- _Brief_: Write out the following listing's lines from the one with "ブルー・マウンテンズ国立公園の画像 p1_22" to the one with "صور المصحف الشريف", exactly, with both included and no others.

START Entries shown

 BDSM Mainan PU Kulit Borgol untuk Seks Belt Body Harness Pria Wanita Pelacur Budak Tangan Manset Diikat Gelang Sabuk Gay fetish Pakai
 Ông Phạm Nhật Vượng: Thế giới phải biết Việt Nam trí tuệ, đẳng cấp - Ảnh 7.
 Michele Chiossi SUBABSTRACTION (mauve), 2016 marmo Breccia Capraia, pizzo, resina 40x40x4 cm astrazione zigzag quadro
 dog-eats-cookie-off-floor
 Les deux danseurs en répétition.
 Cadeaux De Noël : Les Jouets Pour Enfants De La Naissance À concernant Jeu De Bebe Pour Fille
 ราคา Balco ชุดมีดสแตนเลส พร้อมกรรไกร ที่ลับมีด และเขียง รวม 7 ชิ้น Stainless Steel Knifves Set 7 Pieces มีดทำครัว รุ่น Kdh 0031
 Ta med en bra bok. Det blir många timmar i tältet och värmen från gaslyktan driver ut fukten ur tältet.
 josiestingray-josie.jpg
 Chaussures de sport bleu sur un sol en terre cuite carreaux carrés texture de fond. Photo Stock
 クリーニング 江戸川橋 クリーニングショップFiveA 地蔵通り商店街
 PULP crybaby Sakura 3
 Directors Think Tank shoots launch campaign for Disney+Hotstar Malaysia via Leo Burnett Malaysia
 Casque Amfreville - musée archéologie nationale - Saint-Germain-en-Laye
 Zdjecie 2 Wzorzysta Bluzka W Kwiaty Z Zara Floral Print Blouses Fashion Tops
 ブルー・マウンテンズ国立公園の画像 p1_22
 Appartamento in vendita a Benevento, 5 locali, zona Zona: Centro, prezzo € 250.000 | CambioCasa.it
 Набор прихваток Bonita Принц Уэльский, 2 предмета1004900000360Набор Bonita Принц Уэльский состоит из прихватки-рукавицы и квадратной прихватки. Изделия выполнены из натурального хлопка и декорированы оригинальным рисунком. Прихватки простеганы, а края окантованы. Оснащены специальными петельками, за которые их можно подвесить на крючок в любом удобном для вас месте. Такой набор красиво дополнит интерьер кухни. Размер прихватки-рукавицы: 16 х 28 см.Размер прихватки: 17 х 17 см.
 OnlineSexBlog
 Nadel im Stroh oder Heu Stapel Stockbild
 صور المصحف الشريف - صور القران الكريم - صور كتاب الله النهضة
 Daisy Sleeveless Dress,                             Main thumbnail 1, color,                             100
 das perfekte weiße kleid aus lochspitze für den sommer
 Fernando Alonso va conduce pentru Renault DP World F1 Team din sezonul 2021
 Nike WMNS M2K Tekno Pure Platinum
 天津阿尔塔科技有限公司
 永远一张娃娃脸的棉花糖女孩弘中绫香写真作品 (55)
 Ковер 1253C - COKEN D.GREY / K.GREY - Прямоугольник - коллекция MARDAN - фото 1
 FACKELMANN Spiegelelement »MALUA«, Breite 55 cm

END Entries shown

- _Result_:
 ブルー・マウンテンズ国立公園の画像 p1_22
 Appartamento in vendita a Benevento, 5 locali, zona Zona: Centro, prezzo € 250.000 | CambioCasa.it
 Набор прихваток Bonita Принц Уэльский, 2 предмета1004900000360Набор Bonita Принц Уэльский состоит из прихватки-рукавицы и квадратной прихватки. Изделия выполнены из натурального хлопка и декорированы оригинальным рисунком. Прихватки простеганы, а края окантованы. Оснащены специальными петельками, за которые их можно подвесить на крючок в любом удобном для вас месте. Такой набор красиво дополнит интерьер кухни. Размер прихватки-рукавицы: 16 х 28 см.Размер прихватки: 17 х 17 см.
 OnlineSexBlog
 Nadel im Stroh oder Heu Stapel Stockbild
 صور المصحف الشريف - صور القران الكريم - صور كتاب الله النهضة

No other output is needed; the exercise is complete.